PHP, Perl & systemcalls
recently handgestrickt tried to get index information from our iTunes library XML file, which is 30MB big. we did not want to use an XML-parser, because this one usually ends up somewhere in the nirvana and you can cook a pot of tea, until it is finished. just for the interest we tried several ways of grabbing information quick and dirty.

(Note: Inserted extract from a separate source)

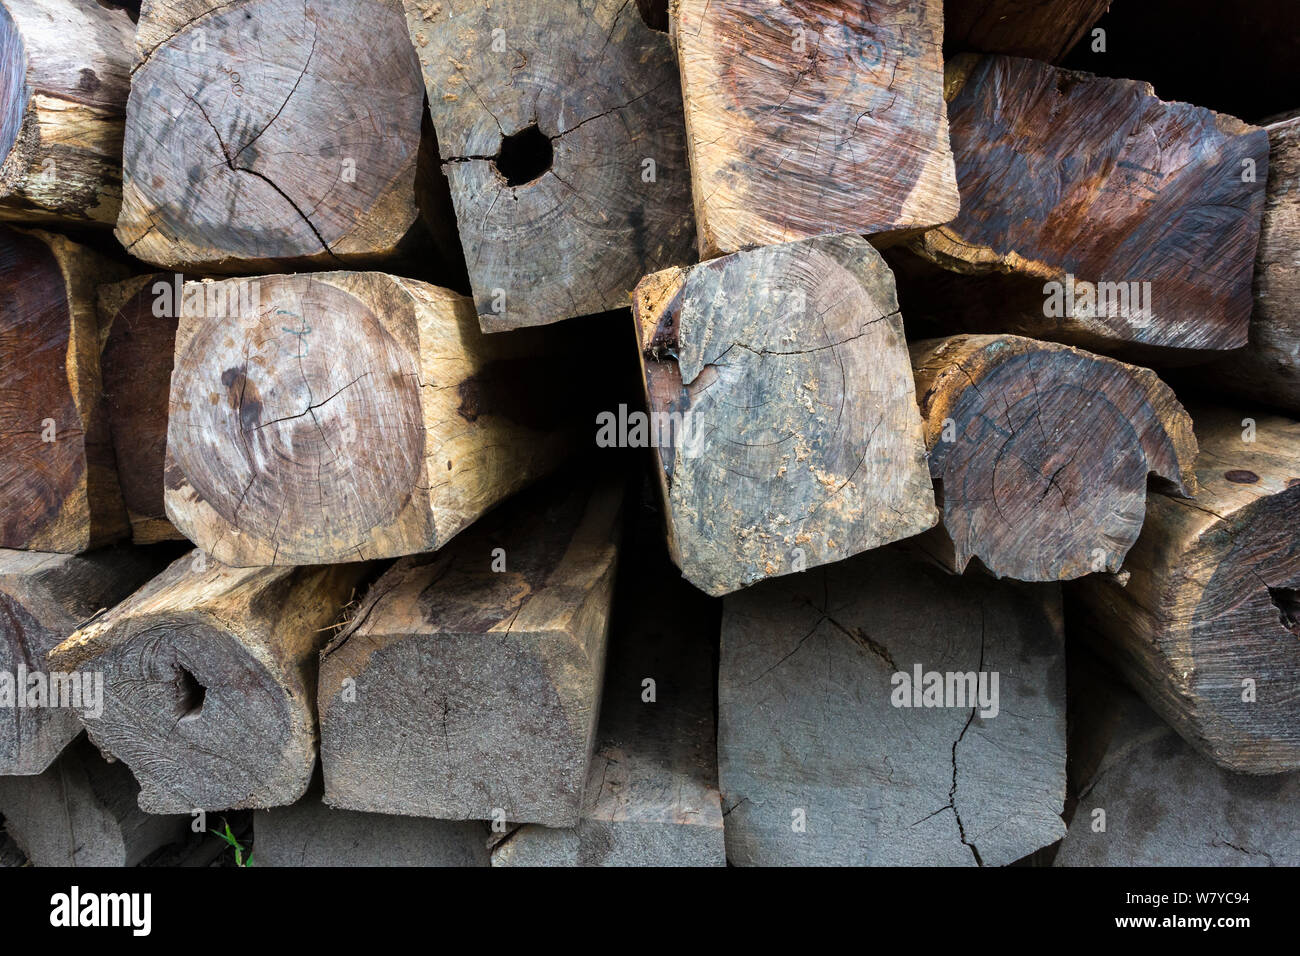 Siam rosewood Dalbergia cochinchinensis (bois) confisqués à des braconniers, stockées en tant que preuve, Thap Lan National Park, Complexe forestier de Dong Phayayen-Khao Yai, Thaïlande, de l'est août. Banque D'Images
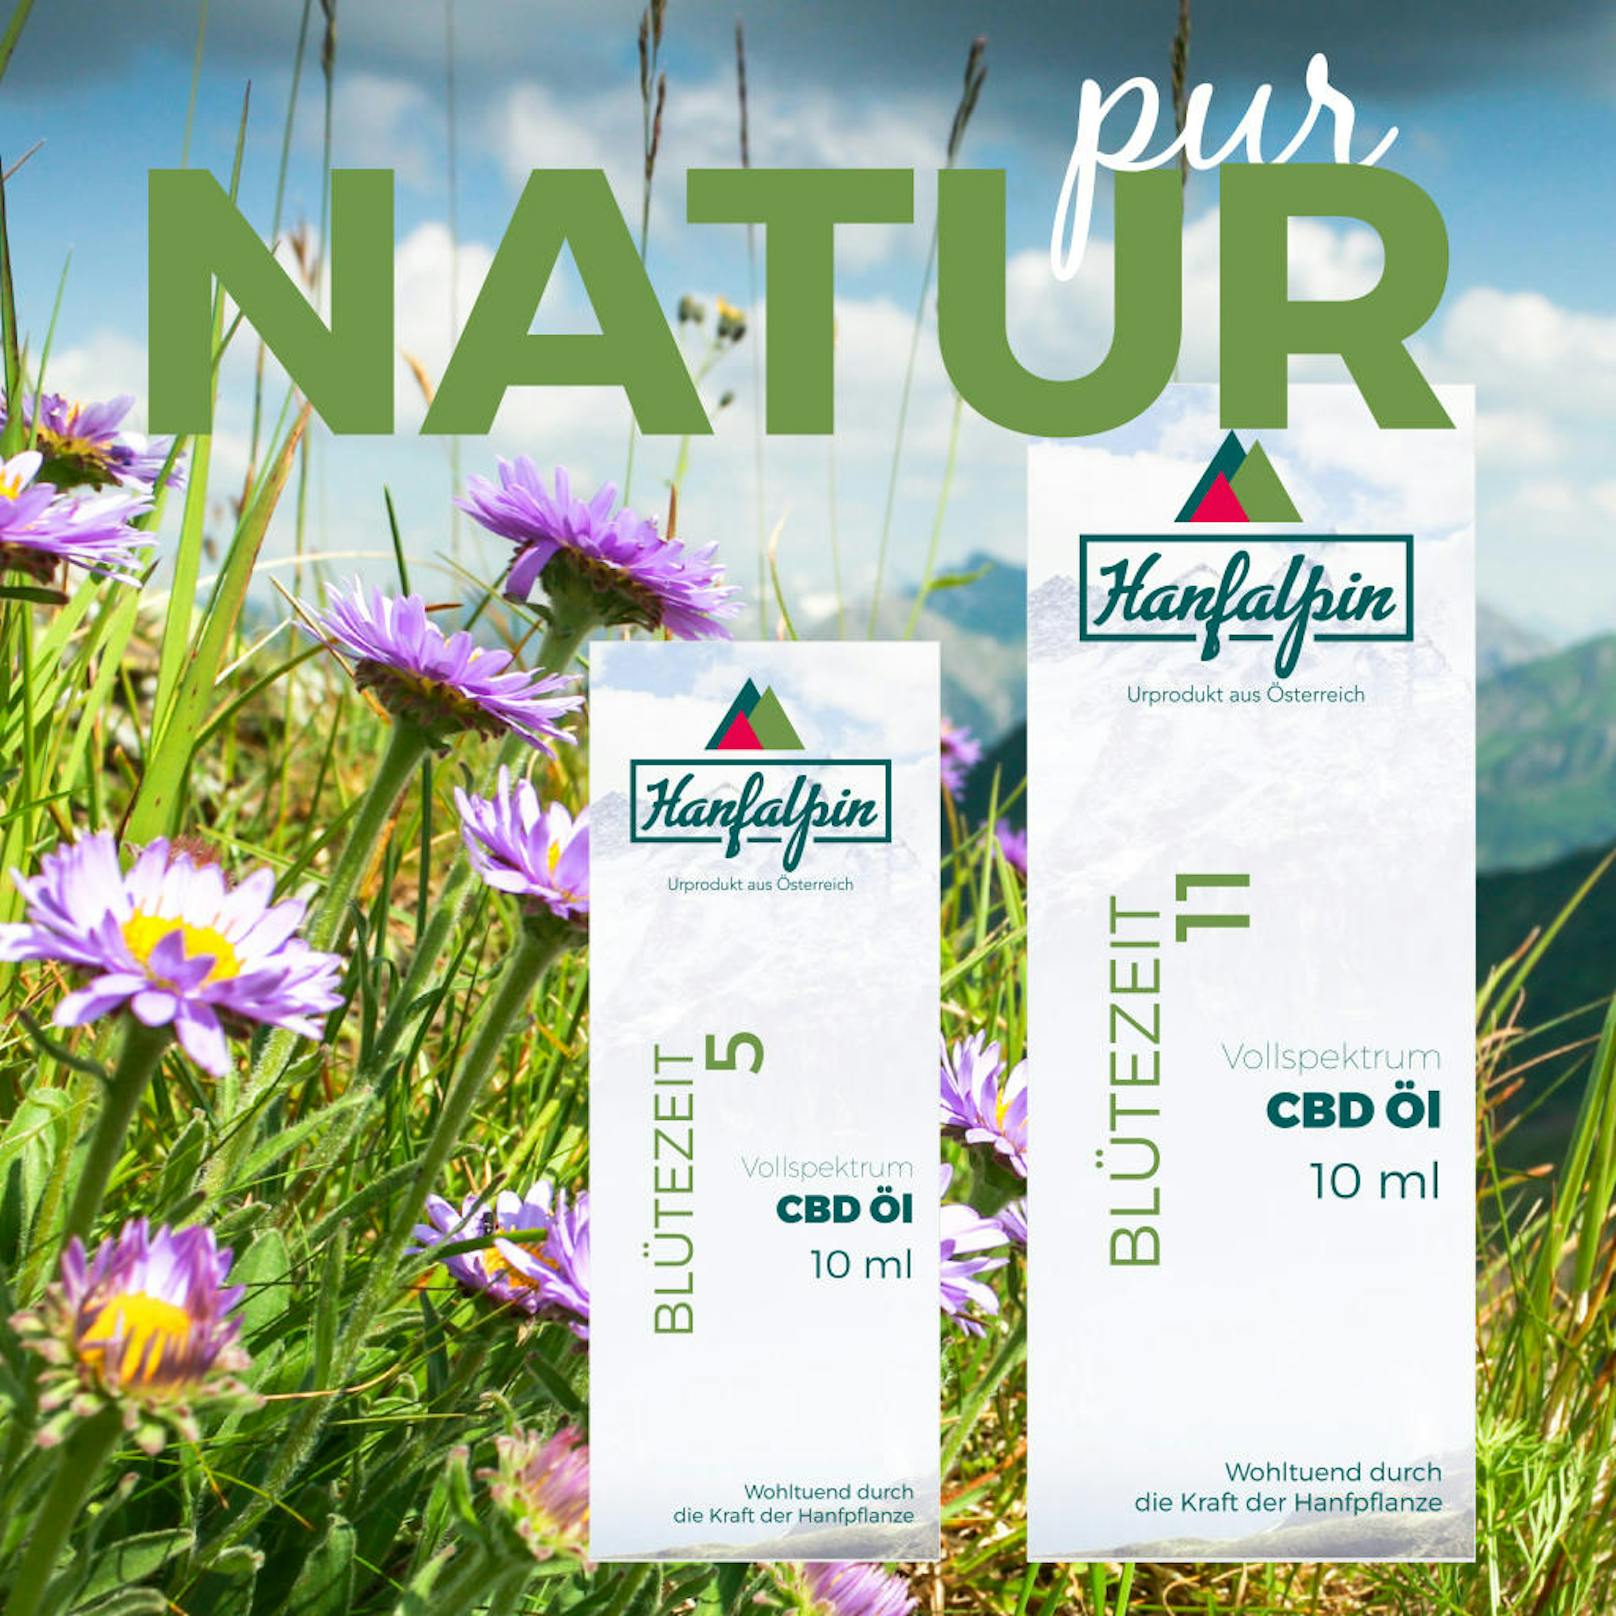 Heute am 02.12. gibt es Bio CBD Produkte von Hanfalpin im Wert von 220 Euro zu gewinnen.

- using the systemcalls echo, grep and sed.
- using PHP
- using Perl
here are the test files:
test.php:
<pre>
<?php
$library = '/Users/stefan/Music/iTunes/iTunes Music Library.xml';
list($usec,$sec)=explode(' ',microtime());
$now1 = ((float)$usec+(float)$sec);
//first system calls
`echo "\$dict_indexes = array(" > result1.php`;
`grep -b "<dict>" "$library" | sed -n "s/:.*$/,/ p" >> result1.php`;
`echo ");" >> result1.php`;
list($usec,$sec)=explode(' ',microtime());
$now2 = ((float)$usec+(float)$sec);
echo 'echo, grep and sed took: '.($now2-$now1)." seconds\n";
list($usec,$sec)=explode(' ',microtime());
$now1 = ((float)$usec+(float)$sec);
//next real php
$handle1=fopen($library,'rb');
$handle2=fopen('result2.php','wb');
fwrite($handle2,'$dict_indexes = array(');
while(!feof($handle1)) {
$offset = ftell($handle1);
$line = fgets($handle1);
if(preg_match('/<dict>/',$line)) fwrite($handle2,$offset.",\n");
}
fwrite($handle2,');');
fclose($handle1);
fclose($handle2);
list($usec,$sec)=explode(' ',microtime());
$now2 = ((float)$usec+(float)$sec);
echo 'real PHP took: '.($now2-$now1)." seconds\n";
list($usec,$sec)=explode(' ',microtime());
$now1 = ((float)$usec+(float)$sec);
//next Perl
`perl test.pl`;
list($usec,$sec)=explode(' ',microtime());
$now2 = ((float)$usec+(float)$sec);
echo 'Perl took: '.($now2-$now1)." seconds\n";
?>
</pre> test.pl:
#/usr/bin/perl
open(FILE1,'</Users/stefan/Music/iTunes/iTunes Music Library.xml');
open(FILE2,'>result3.php');
print FILE2 '$dict_indexes = array(';
our $offset = tell FILE1;
while(<FILE1>) {
if(/<dict>/) {
print FILE2 "$offset,\n";
}
$offset = tell FILE1;
}
print FILE2 ');';
close(FILE1);
close(FILE2); the results in the browser:
echo, grep and sed took: 2.16565012932 seconds
real PHP took: 14.6712100506 seconds
Perl took: 3.63878393173 seconds
what a surprise this is. one thing is clear: we will not use PHP for such tasks. Perl is not too slow and has the advantage, that you do not need to use cryptic shell oneliners.